As the laboured title promises, the Israeli writer/director’s film is the tale of an aging hustler (Richard Gere), the kind of guy who spends all his time telling you about his connections to New York’s most powerful and pre-eminent. He’s at every event, wrangling invitations to dinners and parties, always happy to introduce someone to someone else.
The Yiddish term for this kind of person is “macher,” usually deployed in a derogatory sense to describe a schnook with delusions of grandeur. The term is appropriate here, because Norman the movie is set in the hermetic universe of New York’s Jewish community, and Norman the character has spent his entire adult life trying to forge alliances with people who know better than to talk to him.
Then Norman befriends an Israeli deputy minister (Lior Ashkenazi) in town for a conference, and three years later winds up with a line to real power. Just when he should be able to enjoy the fruits of his labour, his compulsive need to boast about his amazing turn of fortune could destroy everything both men have worked for.

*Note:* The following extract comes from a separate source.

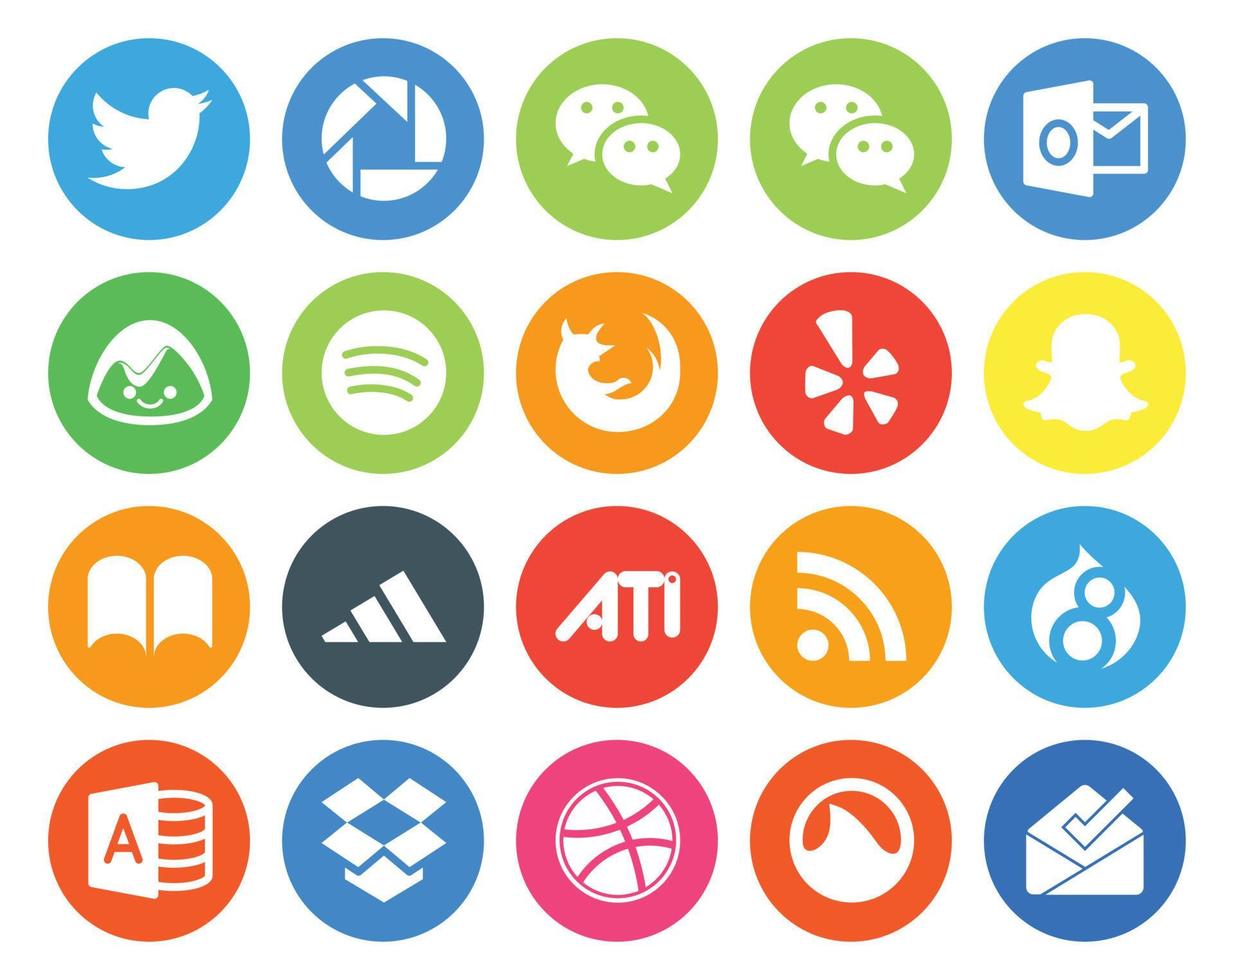 Paquete de 20 íconos de redes sociales que incluye microsoft access rss firefox ati ibooks vector

Gere is very good, offering glimpses of the emptiness behind Norman’s smile rather than going bigger with the craven mugging the part seems to invite. (Imagine Dustin Hoffman or Al Pacino in the role.) Ashkenazi, who starred in Cedar’s Footnote, is pretty good, too. And Cedar surrounds them with a fine cast that includes Michael Sheen, Steve Buscemi, Harris Yulin, Charlotte Gainsbourg and Dan Stevens.
But if you’ve seen Footnote – a clever idea that grew increasingly precious and irritating as it went along – you might have an understanding of how Norman comes up short. Cedar is his own worst enemy as a filmmaker, slathering everything with self-conscious style: visual gimmicks, an ironically jaunty musical score and a complex plot that’s too clever by half.

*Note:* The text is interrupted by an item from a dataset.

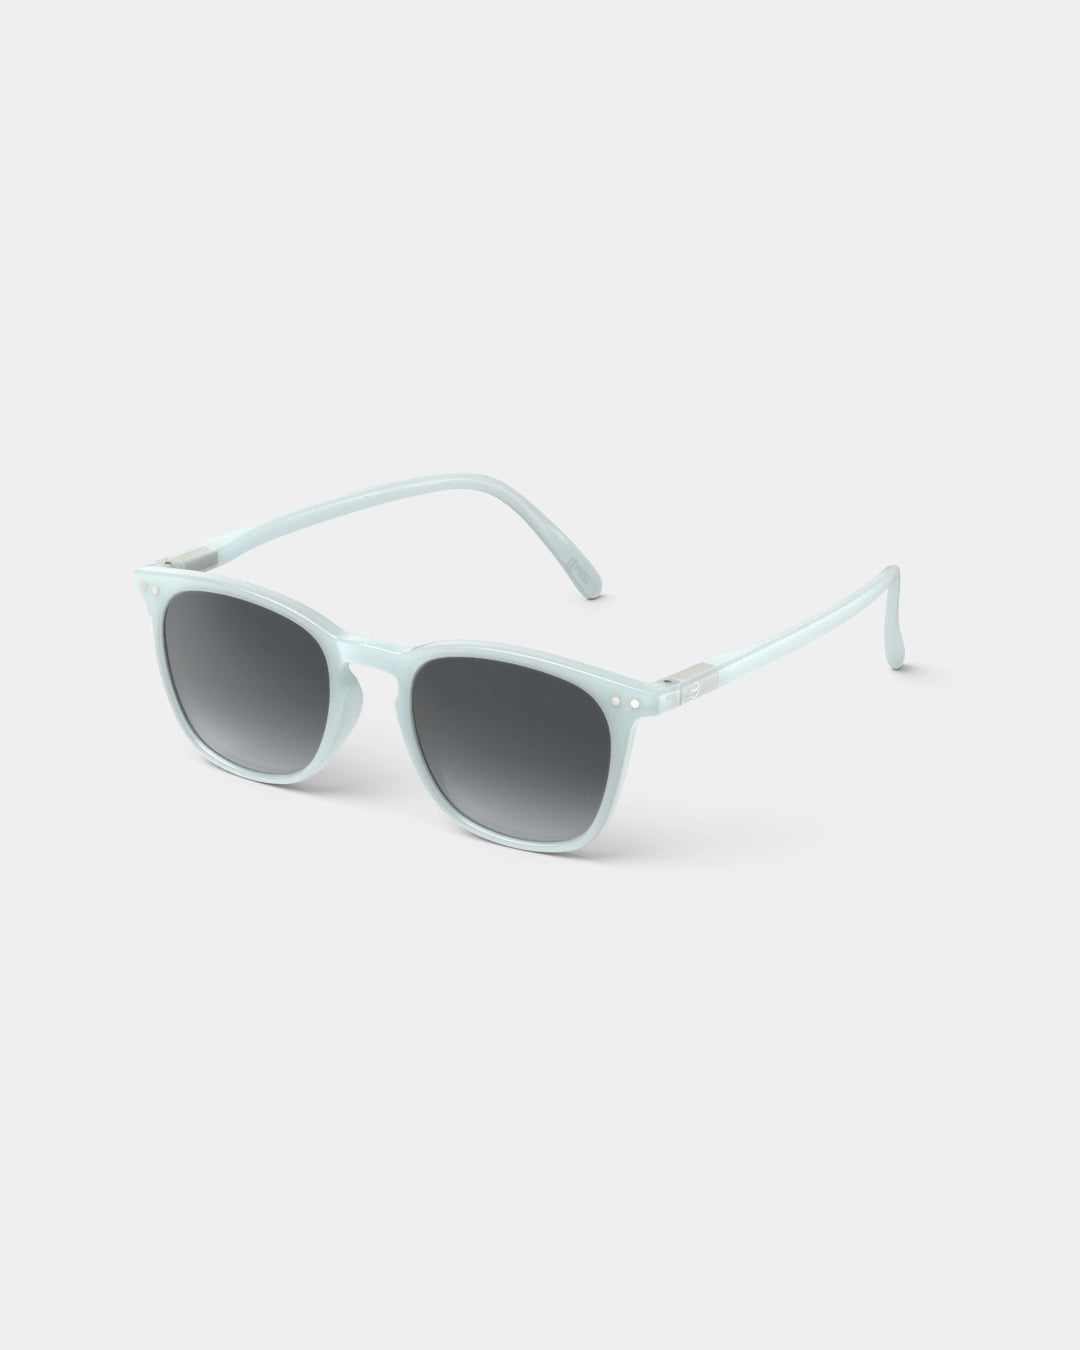 #E Sun Glasses - misty blue

The film’s title lays out its narrative trajectory – this ain’t gonna end well – but Cedar’s self-conscious quirkery undermines the genuine pathos he’s chasing. Sometimes the best way to tell a story is to tell it straight. No, this doesn’t apply to every story or movie, but I’m pretty sure this one would have benefited from a firmer hand.
It still plays, thanks largely to the cast, but it could have been so much better.